Note: these are the slides from a presentation at Lexis Nexis in Alpharetta, GA, on 2014-01-08 as part of the DataScienceATL Meetup. A video of this talk from Dec 2013 is available on vimeo at http://bit.ly/1aJ6xlt
Note: Slideshare mis-converted the images in slides 16-17. Expect a fix in the next couple of days.
Deep learning is a hot area of machine learning named one of the "Breakthrough Technologies of 2013" by MIT Technology Review. The basic ideas extend neural network research from past decades and incorporate new discoveries in statistical machine learning and neuroscience. The results are new learning architectures and algorithms that promise disruptive advances in automatic feature engineering, pattern discovery, data modeling and artificial intelligence. Empirical results from real world applications and benchmarking routinely demonstrate state-of-the-art performance across diverse problems including: speech recognition, object detection, image understanding and machine translation.
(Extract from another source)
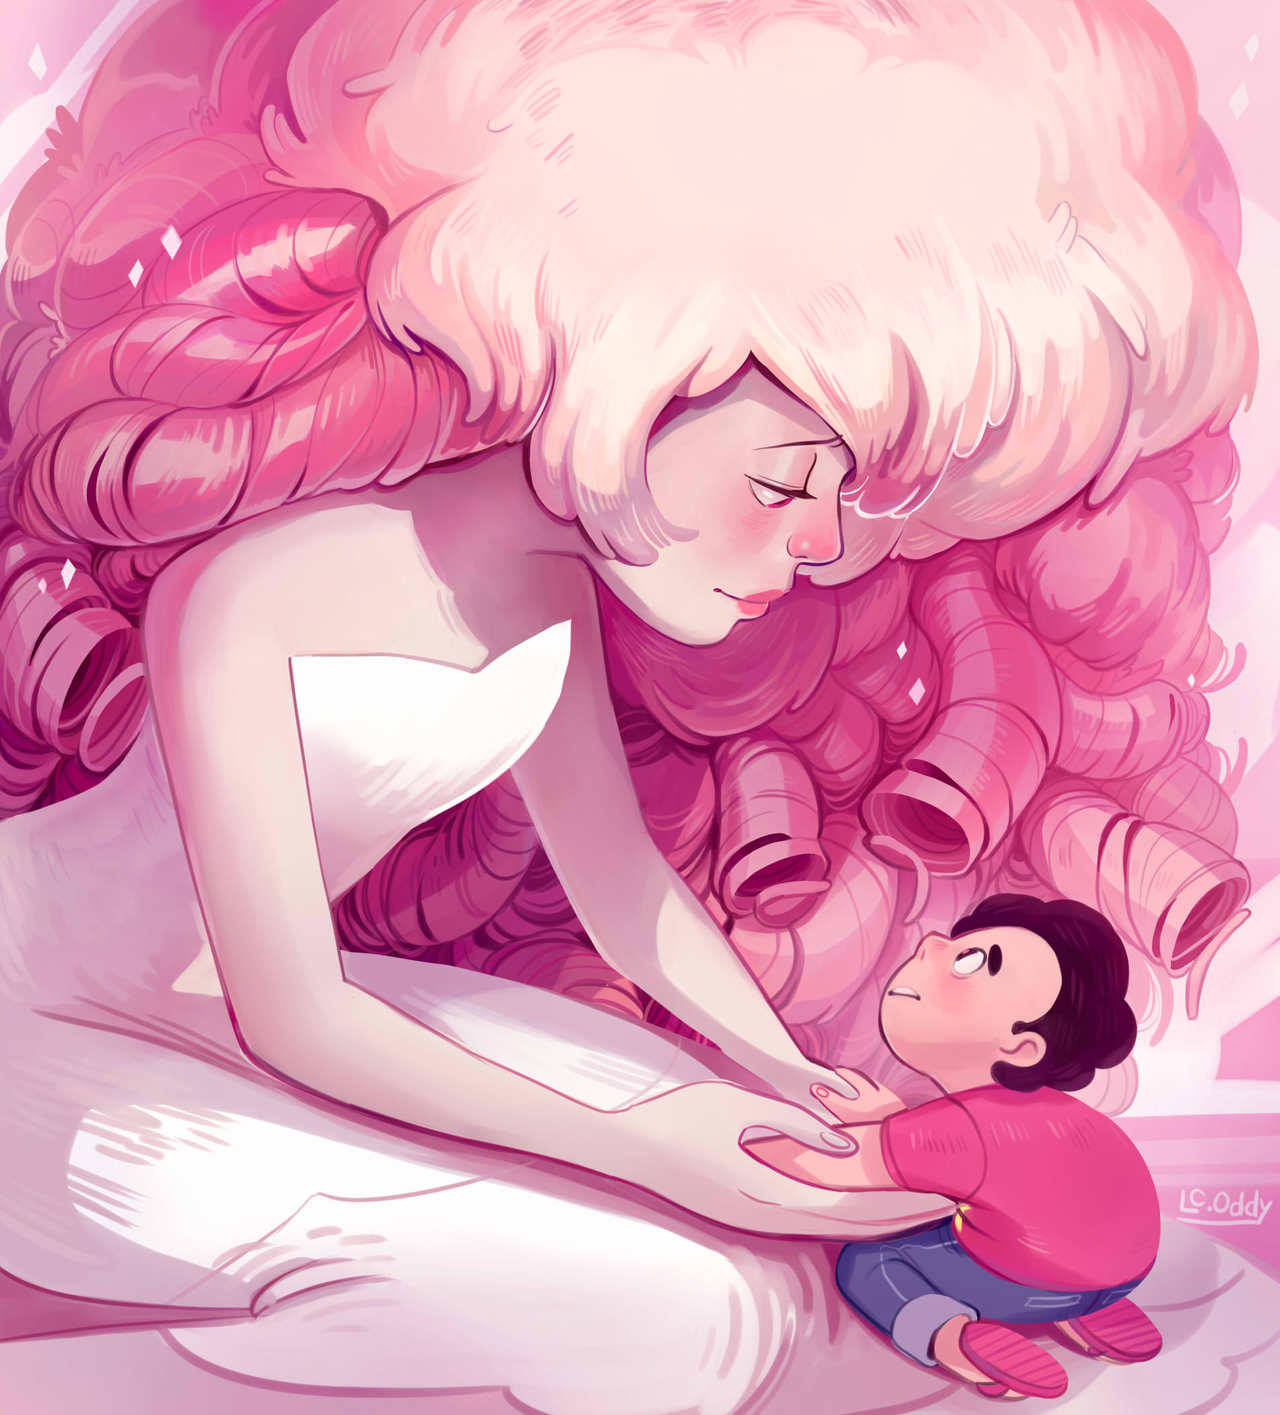 mom was pink diamond

The technology is employed commercially today, notably in many popular Google products such as Street View, Google+ Image Search and Android Voice Recognition.
In this talk, we will present an overview of deep learning for data scientists: what it is, how it works, what it can do, and why it is important. We will review several real world applications and discuss some of the key hurdles to mainstream adoption. We will conclude by discussing our experiences implementing and running deep learning experiments on our own hardware data science appliance.